Guida del fotografo al cielo stellato di Sark

La notte in cui Sark ha capovolto il mio mondo

Sono arrivato a Sark per la prima volta in un piovoso martedì pomeriggio di fine agosto, trascinando una borsa per treppiede e uno zaino contenente più attrezzatura fotografica che buon senso. La traversata da Guernsey dura circa 50 minuti sul traghetto Sark Shipping — abbastanza a lungo da vedere St Peter Port rimpicciolirsi fino a diventare una cartolina alle spalle e da sentire il peso della connettività moderna iniziare a sollevarsi.

A ciò che non ero preparato era il buio.

Non il solito buio della campagna britannica, che in realtà è solo penombra. Questo era assoluto. Entro mezz’ora dal tramonto, l’arco della Via Lattea era sospeso sopra le scogliere occidentali di Sark come qualcosa che un reparto effetti speciali rifiuterebbe per essere troppo ovvio. Nessun bagliore arancione all’orizzonte. Nessuna luce stroboscopica di aerei lampeggiante attraverso il nucleo. Nessun alone al vapore di sodio. Solo il cielo notturno pieno e non filtrato delle Isole del Canale britanniche, così come appariva a ogni essere umano che abbia vissuto qui prima del ventesimo secolo.

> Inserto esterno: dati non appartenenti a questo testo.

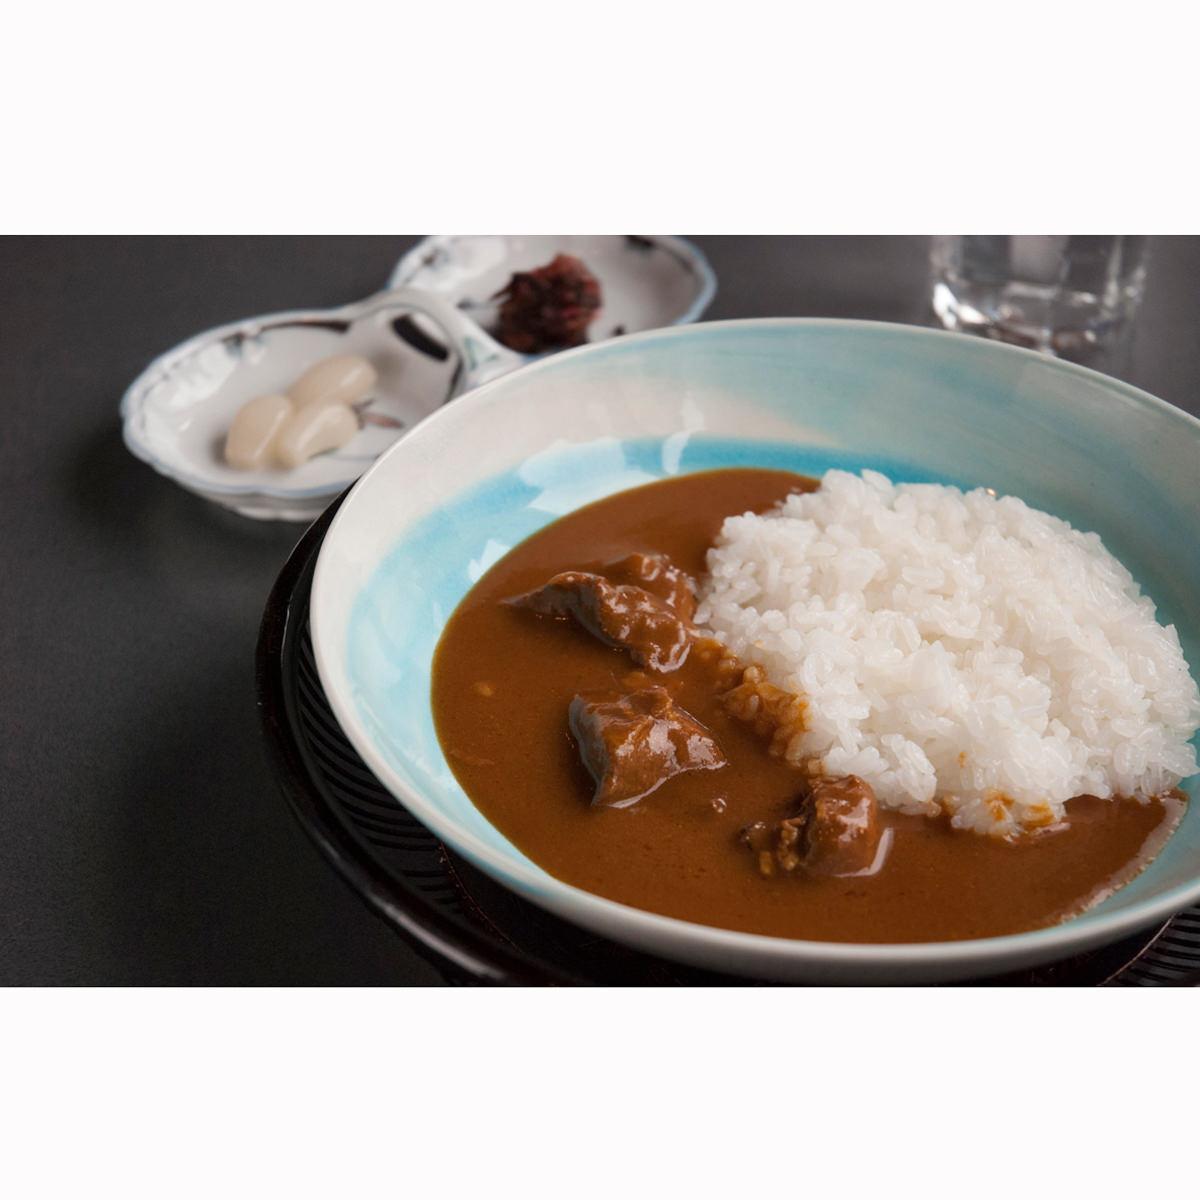 ほてるISAGO神戸 ビーフカレー 6食 〔200g×6〕 兵庫県 レトルトカレー 神戸

Sark è diventata la prima Dark Sky Island al mondo nel 2011, designata dall’International Dark-Sky Association. La designazione non è onorifica: ha denti. Non ci sono lampioni pubblici. I residenti usano illuminazione direzionale a basso livello. I veicoli turistici (solo trainati da cavalli — non ci sono auto a Sark) smettono di circolare prima del buio. Quello che ottenete come fotografi è un autentico sito Bortle 1 o 2 collocato in una delle località più accessibili d’Europa. Potete trovarvi sotto questo cielo entro un viaggio di quattro ore da Londra.


Perché Sark è eccezionale per l’astrofotografia

La maggior parte dei fotografi seriamente dediti al lavoro sotto cieli bui viaggia verso le Canarie, il Marocco o l’estremo nord scozzese. Sark offre qualcosa di diverso: un’isola europea con accesso affidabile, inglese parlato ovunque, alloggi decenti e un paesaggio che offre uno straordinario interesse in primo piano.

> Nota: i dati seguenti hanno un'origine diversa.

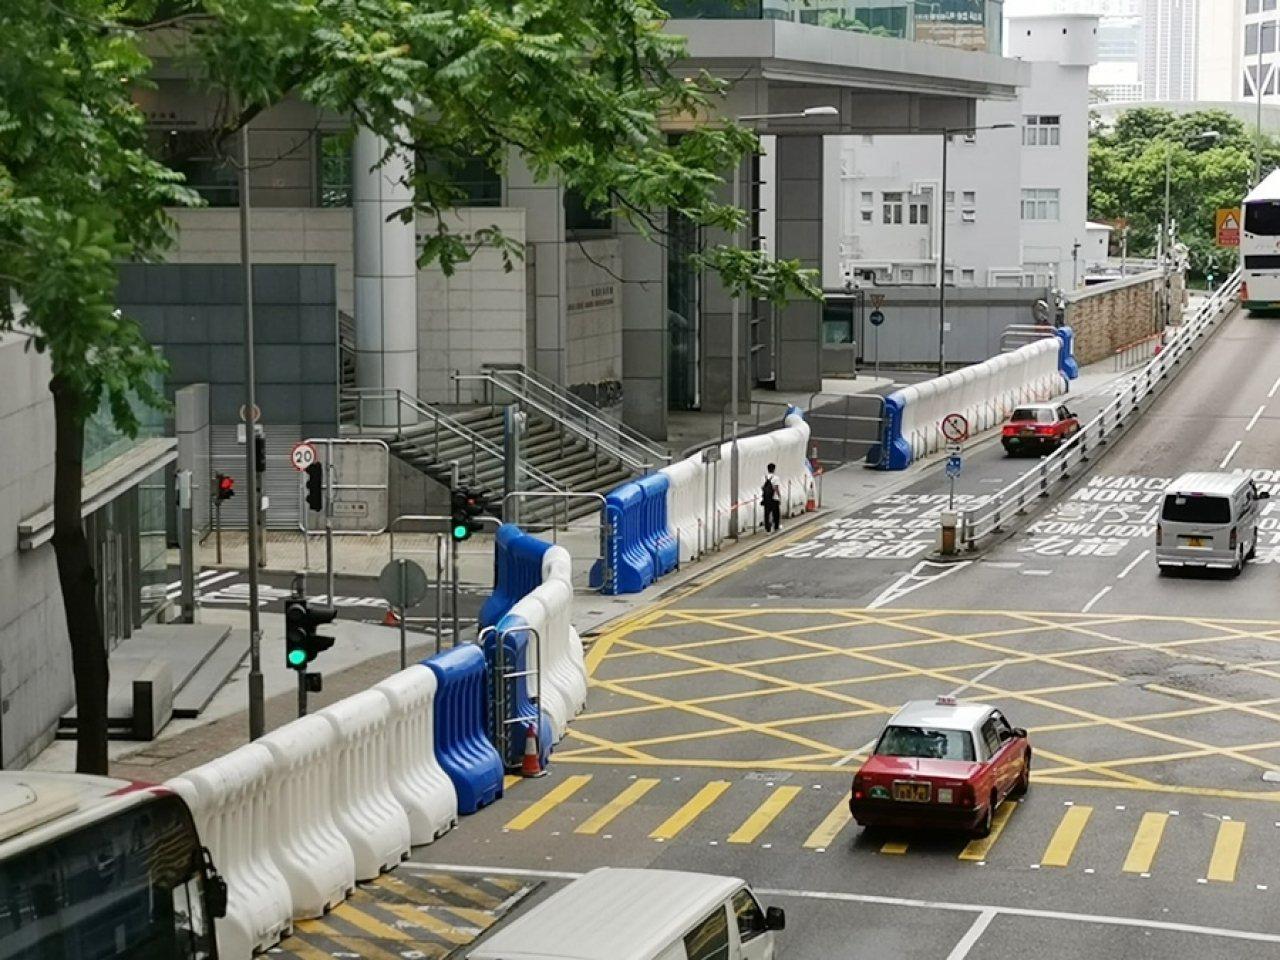 民陣再發起反修例遊行,多處包括警察總部外已擺放大型水馬加強戒備。取自香港電台

Le scogliere qui precipitano da sessanta a novanta metri nel Canale. Pinnacoli di granito catturano l’ultima luce e brillano d’ambra contro un blu sempre più profondo. Promontori e grotte marine offrono inquadrature naturali. L’isola è abbastanza piccola — circa cinque chilometri per tre — da poterla attraversare a piedi da un lato all’altro in una serata, esplorando composizioni mentre le stelle emergono sopra di voi.

Il nucleo della Via Lattea è ben posizionato da fine aprile a settembre per gli osservatori alla latitudine di Sark di 49,4°N. La massima visibilità cade tra fine giugno e metà settembre, quando il centro galattico sorge sopra l’orizzonte meridionale dopo la fine del crepuscolo astronomico. Settembre — quando ho fatto la mia prima visita — è particolarmente buono: nucleo ancora visibile, rugiada meno aggressiva di agosto e folle che si diradano dopo il picco estivo.


I luoghi migliori dell’isola

Creux Harbour e i sentieri delle scogliere a nord

Creux Harbour, dove attracca il traghetto Sark Shipping, si trova sotto l’insediamento principale ed è circondato da ripidi pendii boscosi. Il porto stesso offre riflessi del cielo notturno nelle notti calme, ma il vero premio è il sentiero delle scogliere che si dirige a nord da qui. Entro quindici minuti di cammino, raggiungete promontori aperti con vedute senza ostacoli a sud e sudovest — la direzione del centro galattico nei mesi estivi.

Portate una torcia frontale con modalità luce rossa. I sentieri sono ben mantenuti ma non illuminati, e il dislivello alla vostra sinistra non è dolce.

La Coupée — fotografare l’istmo

La Coupée è la stretta cresta che collega Big Sark a Little Sark: un sentiero largo appena tre metri, fiancheggiato da dislivelli di oltre novanta metri su entrambi i lati. Di giorno è spettacolare. Dopo il buio, con la Via Lattea che si estende attraverso il cielo sopra questa lama di terra e le luci della lontana Guernsey appena visibili sull’orizzonte occidentale, diventa una delle località di fotografia paesaggistica più surreali delle Isole Britanniche.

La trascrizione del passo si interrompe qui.